WHAT IS EXPECTED —
Restate word for word the lines below from the one that has "NAVTTC OFFERS FREE" through the one that has "CHANEL grey QUILTED", keeping both and dropping all pictures.

EXTRACTED ENTRIES —
···

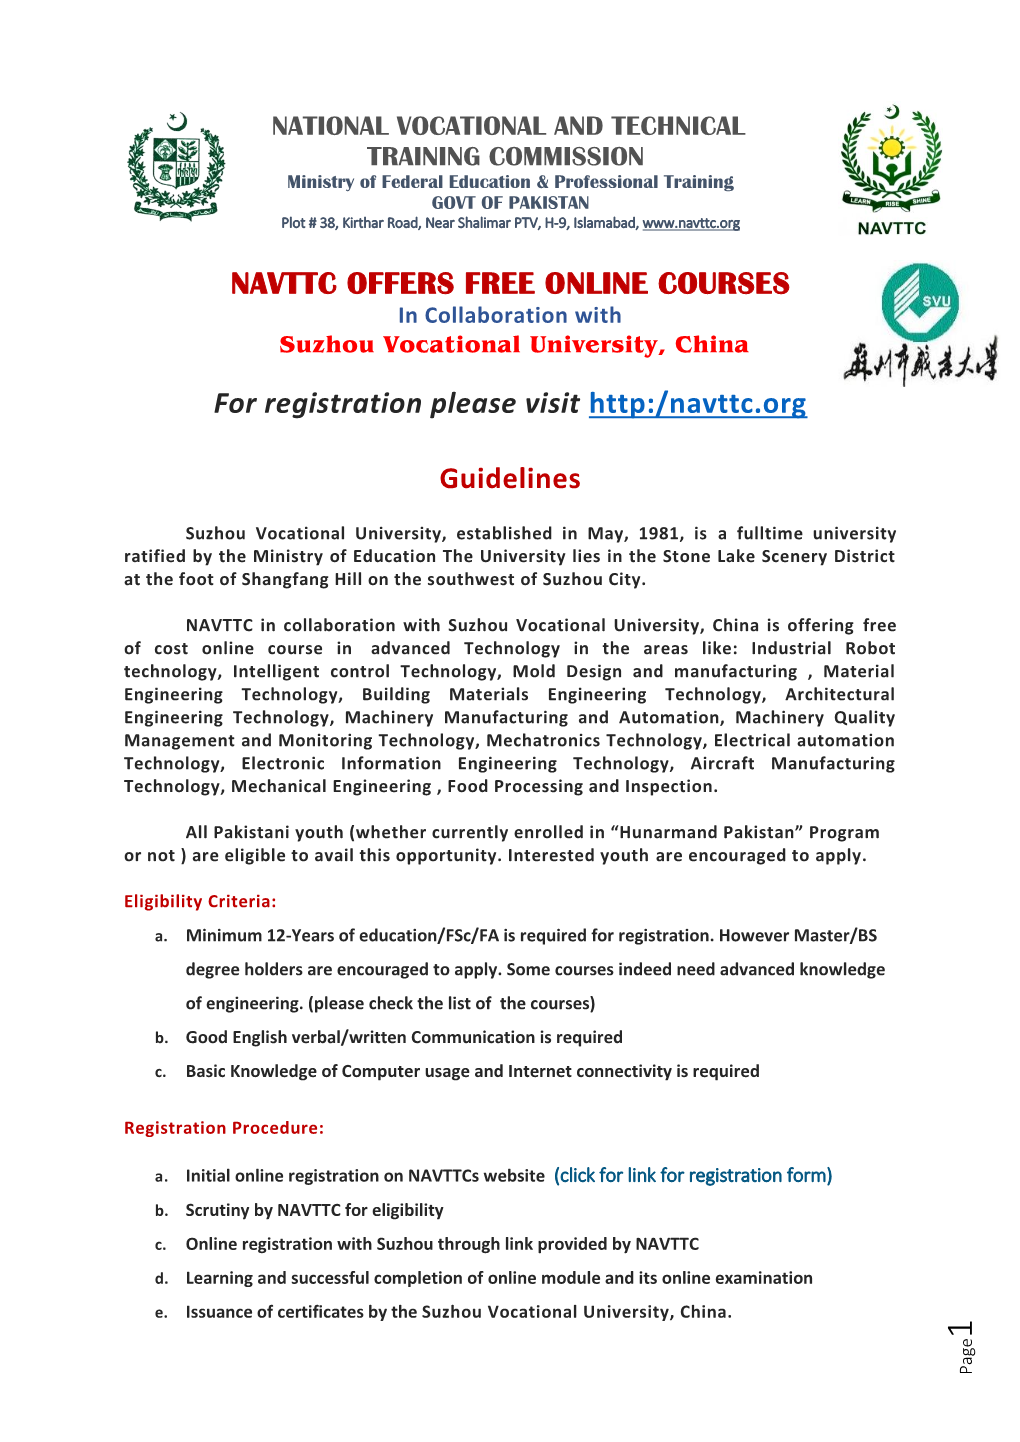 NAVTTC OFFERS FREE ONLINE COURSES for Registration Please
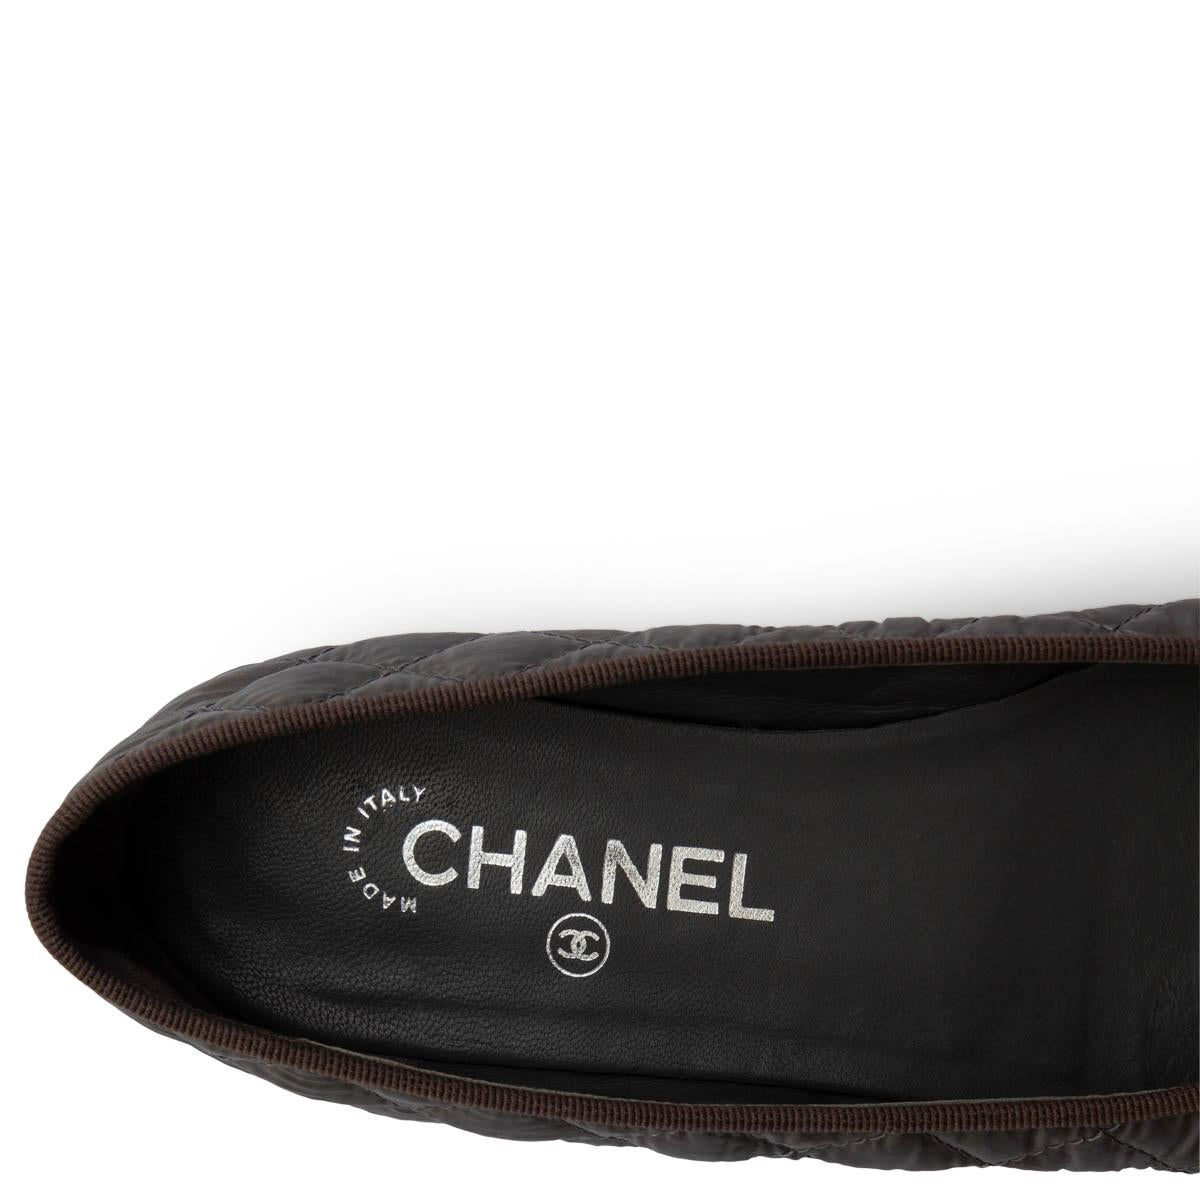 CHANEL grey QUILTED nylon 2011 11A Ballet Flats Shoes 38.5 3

···

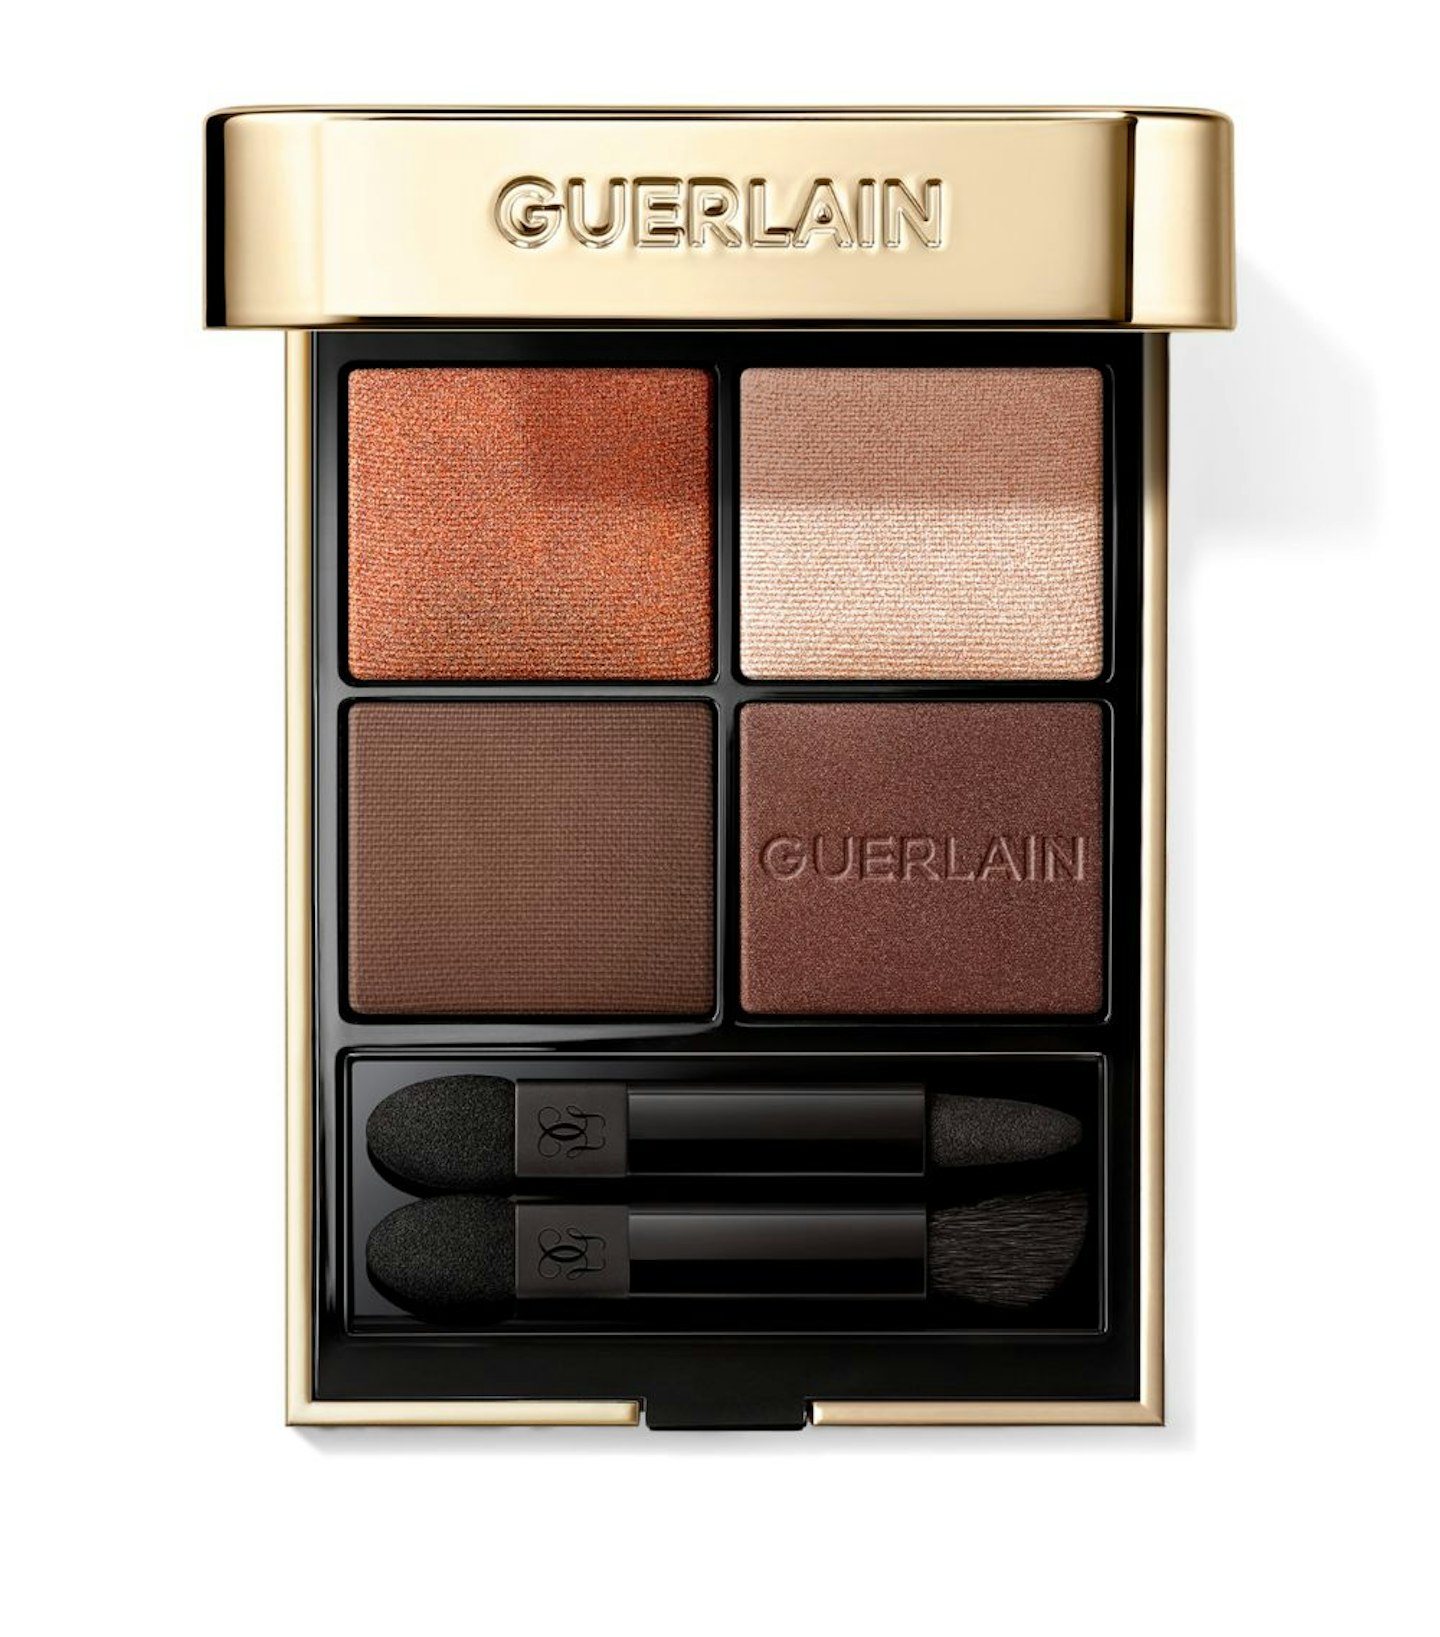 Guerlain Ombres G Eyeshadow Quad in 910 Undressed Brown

···

EXERCISE SOLUTION —
 NAVTTC OFFERS FREE ONLINE COURSES for Registration Please
 CHANEL grey QUILTED nylon 2011 11A Ballet Flats Shoes 38.5 3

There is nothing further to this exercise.